Analyst. 2011 Sep 7;136(17):3512-8. doi: 10.1039/c0an00926a. Epub 2011 Jan 31.
We demonstrate lensless fluorescent microscopy over a large field-of-view of ~60 mm(2) with a spatial resolution of <4 µm. In this on-chip fluorescent imaging modality, the samples are placed on a fiber-optic faceplate that is tapered such that the density of the fiber-optic waveguides on the top facet is >5 fold larger than the bottom one. Placed on this tapered faceplate, the fluorescent samples are pumped from the side through a glass hemisphere interface. After excitation of the samples, the pump light is rejected through total internal reflection that occurs at the bottom facet of the sample substrate. The fluorescent emission from the sample is then collected by the smaller end of the tapered faceplate and is delivered to an opto-electronic sensor-array to be digitally sampled. Using a compressive sampling algorithm, we decode these raw lensfree images to validate the resolution (<4 µm) of this on-chip fluorescent imaging platform using microparticles as well as labeled Giardia muris cysts. This wide-field lensfree fluorescent microscopy platform, being compact and high-throughput, might provide a valuable tool especially for cytometry, rare cell analysis (involving large area microfluidic systems) as well as for microarray imaging applications.
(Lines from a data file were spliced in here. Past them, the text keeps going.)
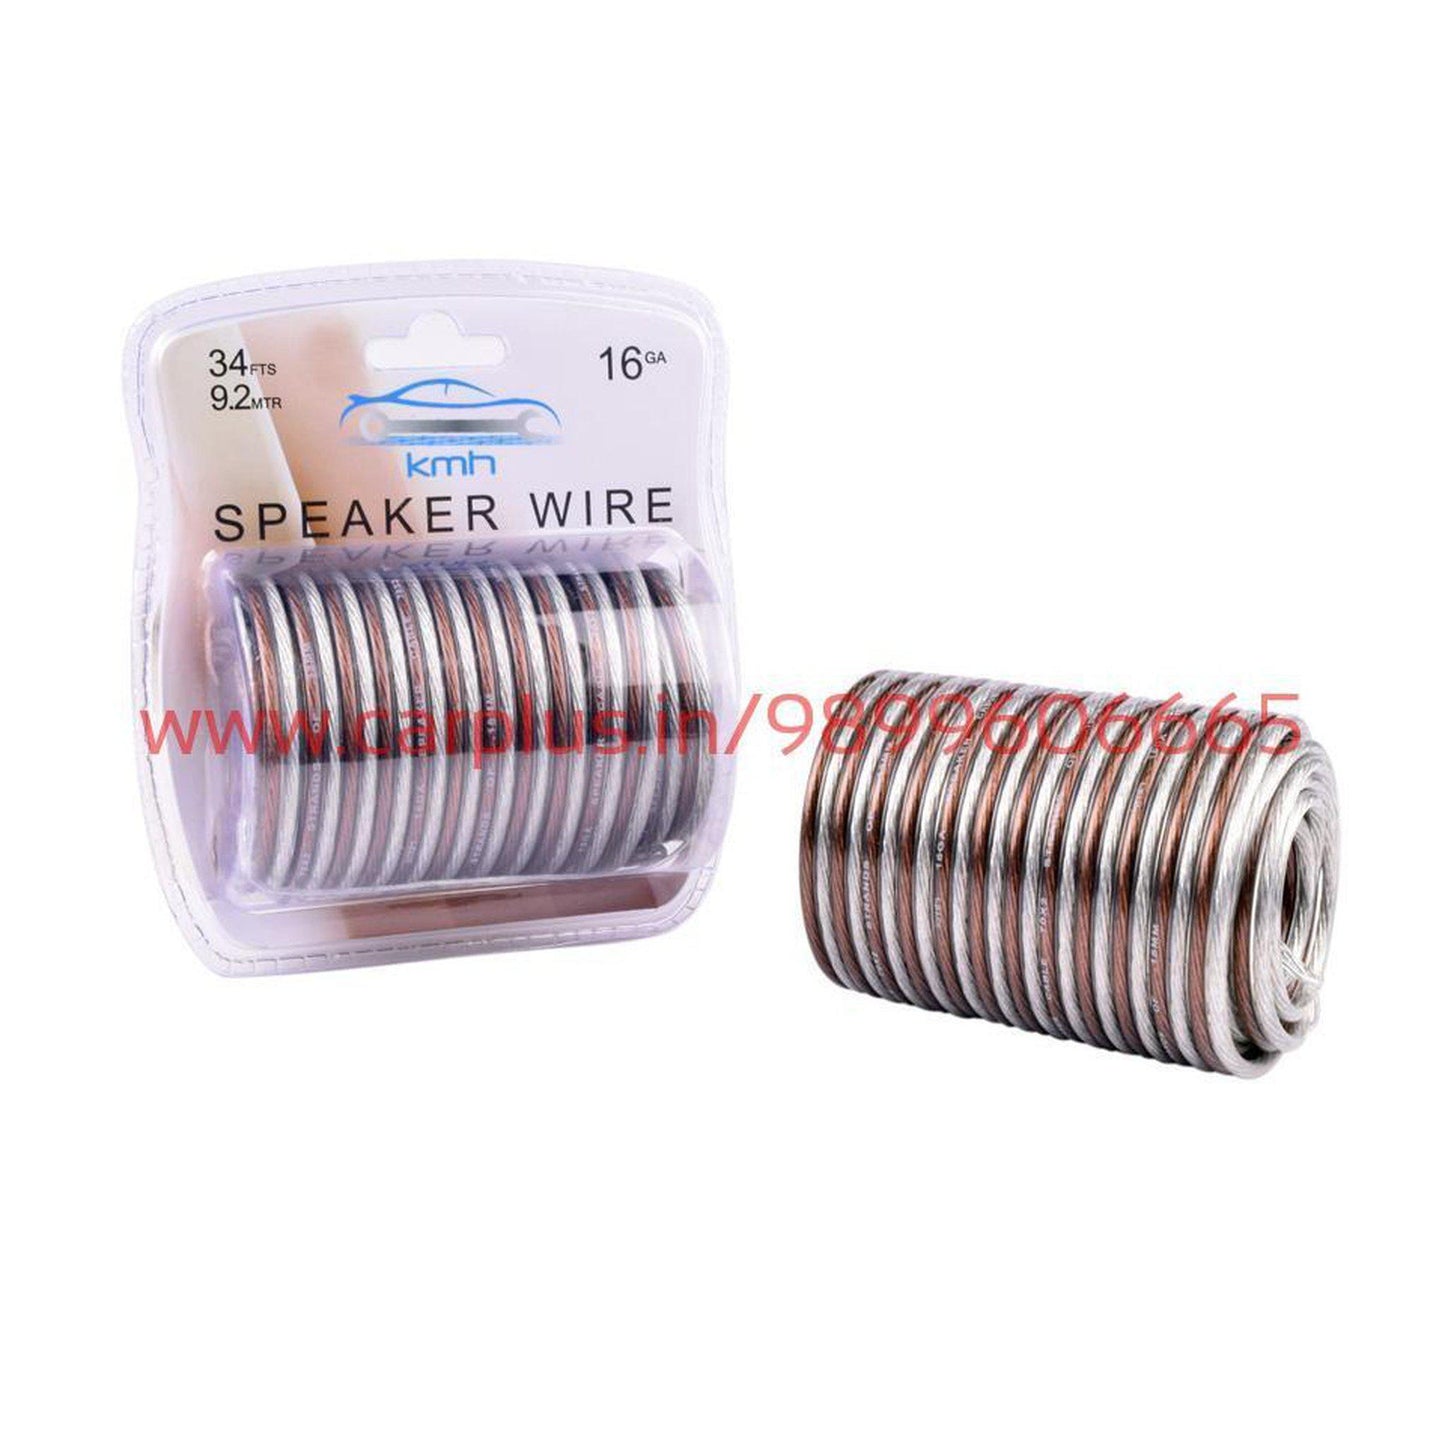 
                  
                    KMH Speaker Wire Roll KMH-WIRING SPEAKER WIRE.
                  
                
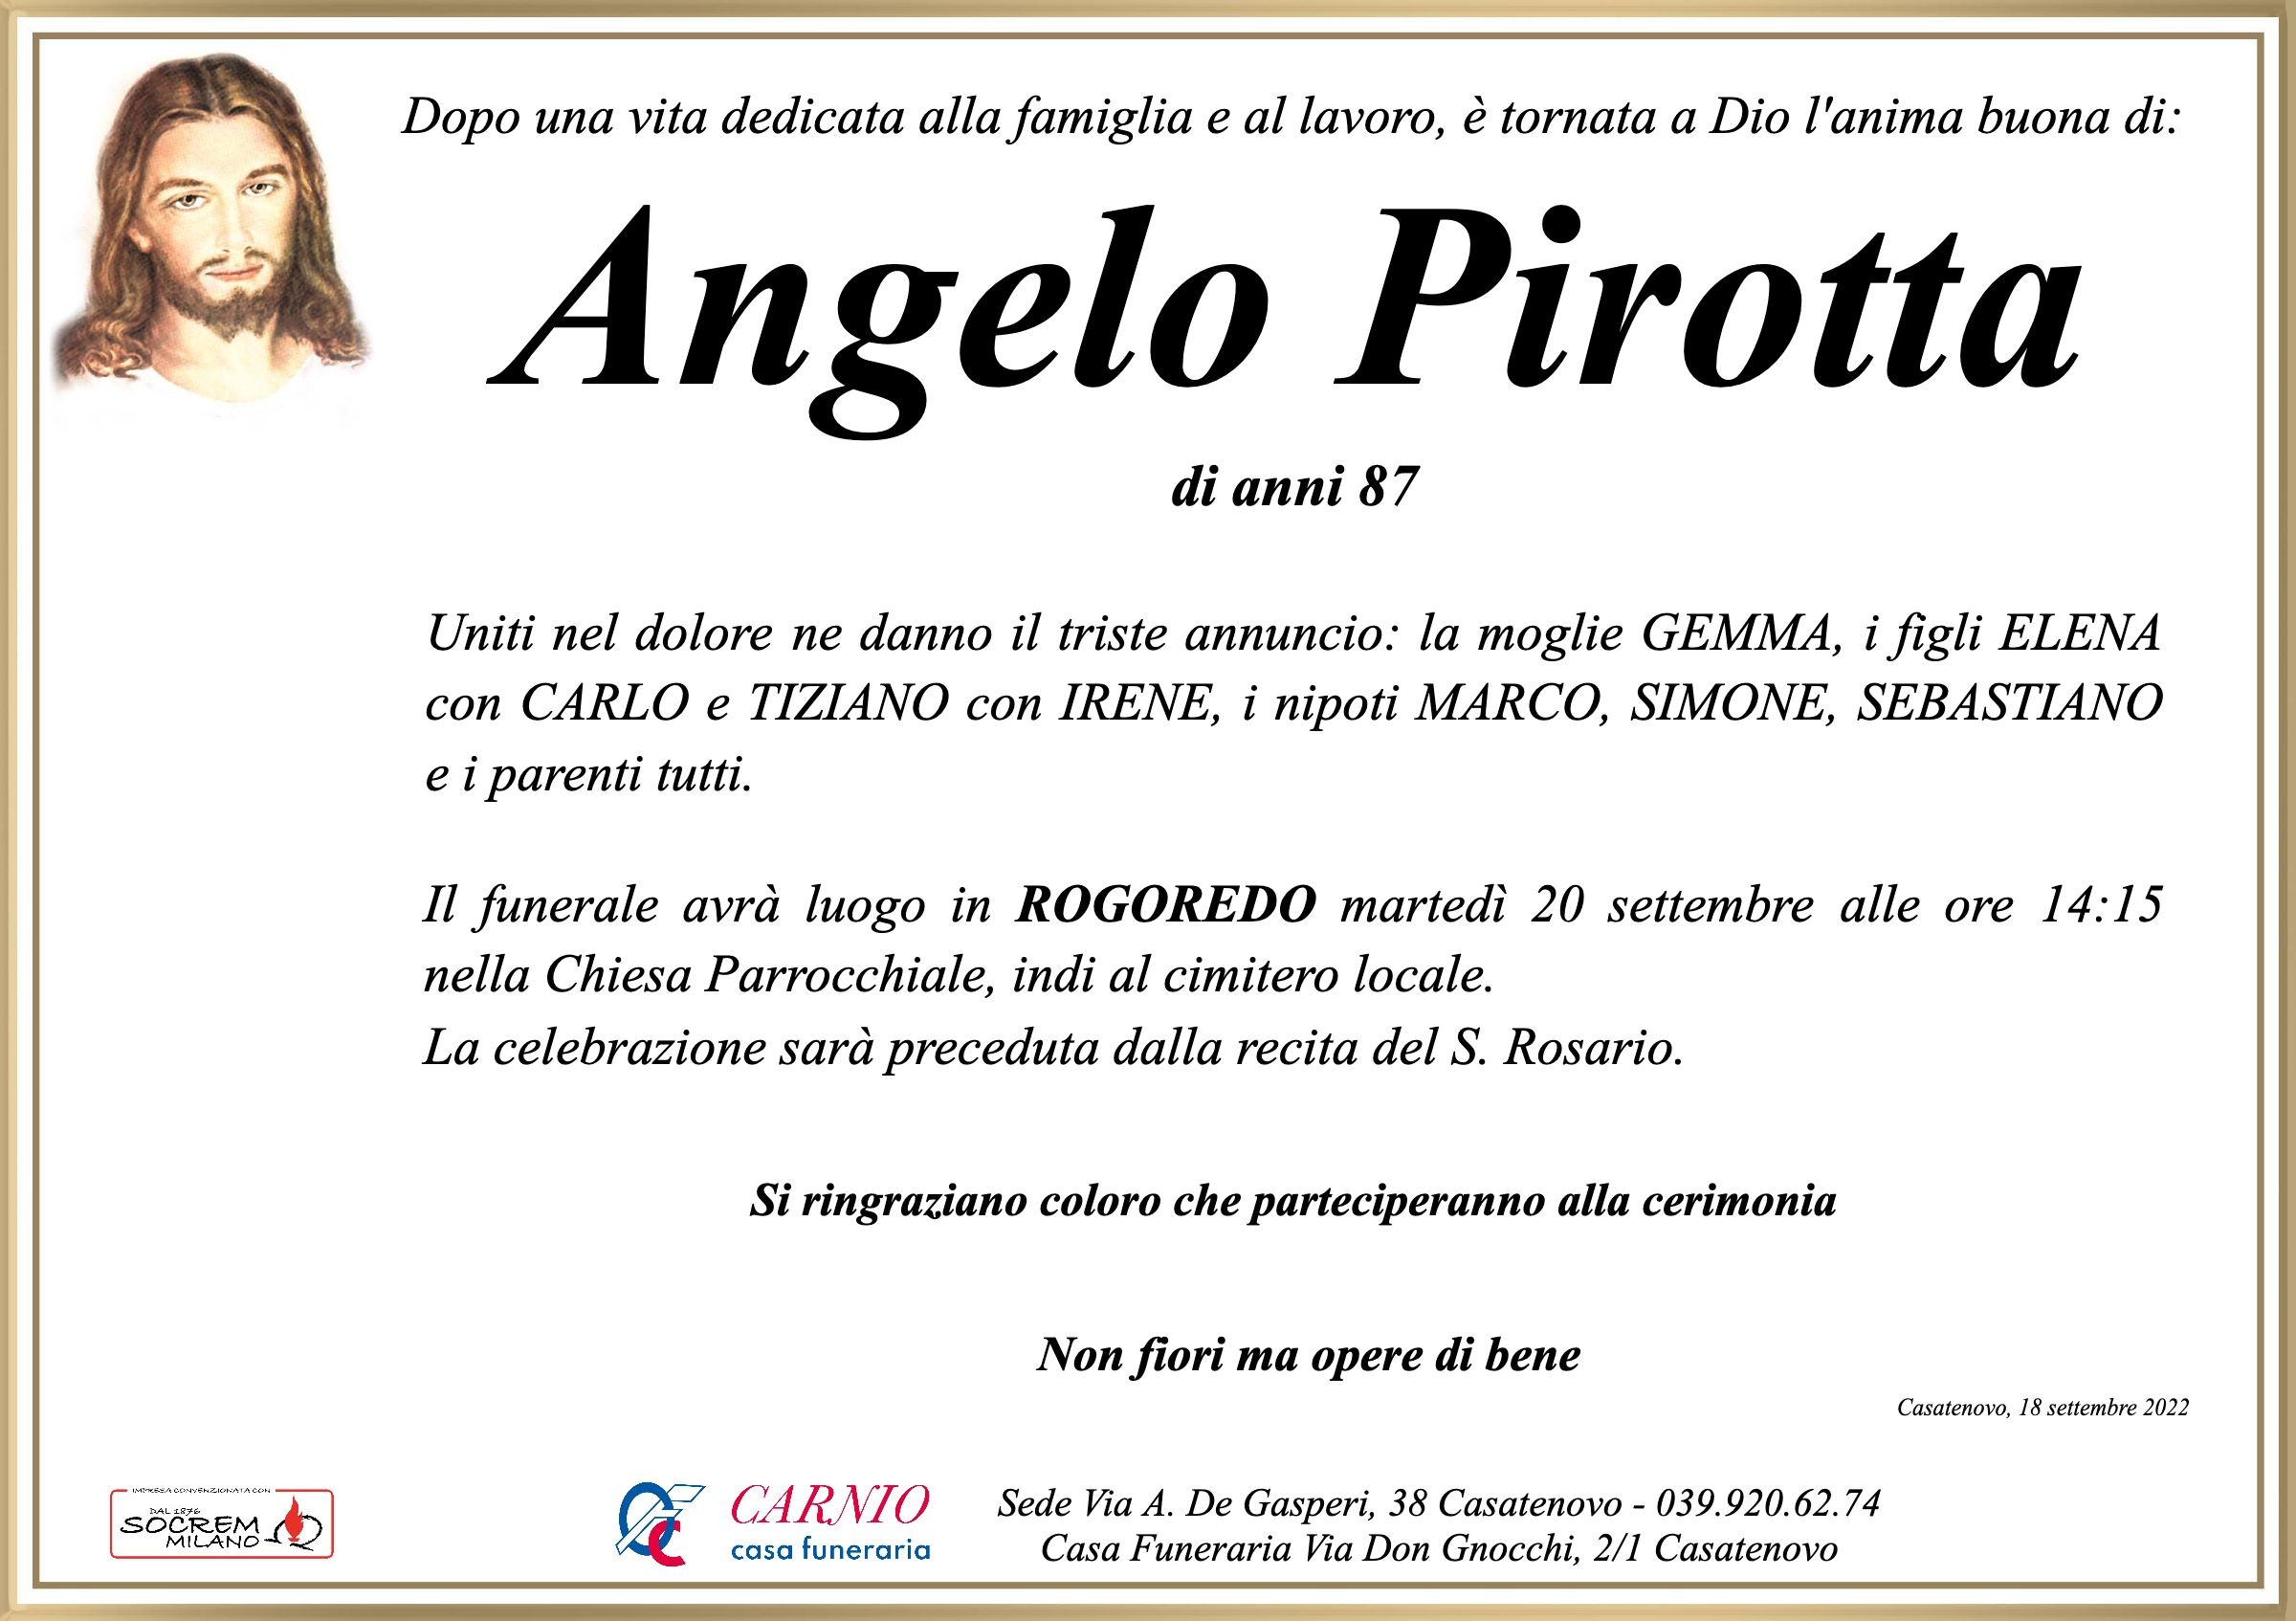 Angelo Pirotta

我们展示了一种无透镜荧光显微镜,其视场约为 60mm²,空间分辨率小于 4µm。在这种片上荧光成像模式中,样品放置在光纤面板上,该光纤面板逐渐变细,使得上表面的光纤波导密度比下表面大 5 倍以上。将荧光样品放置在这个锥形的光纤面板上,通过玻璃半球形界面从侧面泵浦。在激发样品后,通过在样品基底的下表面发生全内反射来拒绝泵浦光。然后,通过锥形光纤面板的较小端收集来自样品的荧光发射,并将其传输到光电传感器阵列进行数字采样。使用压缩采样算法,我们对这些原始无透镜图像进行解码,以验证使用微粒子以及标记的鼠贾第虫囊包作为模型的这种片上荧光成像平台的分辨率(<4µm)。这种宽视场无透镜荧光显微镜平台具有紧凑和高通量的特点,可能为细胞术、稀有细胞分析(涉及大面积微流控系统)以及微阵列成像应用提供一种有价值的工具。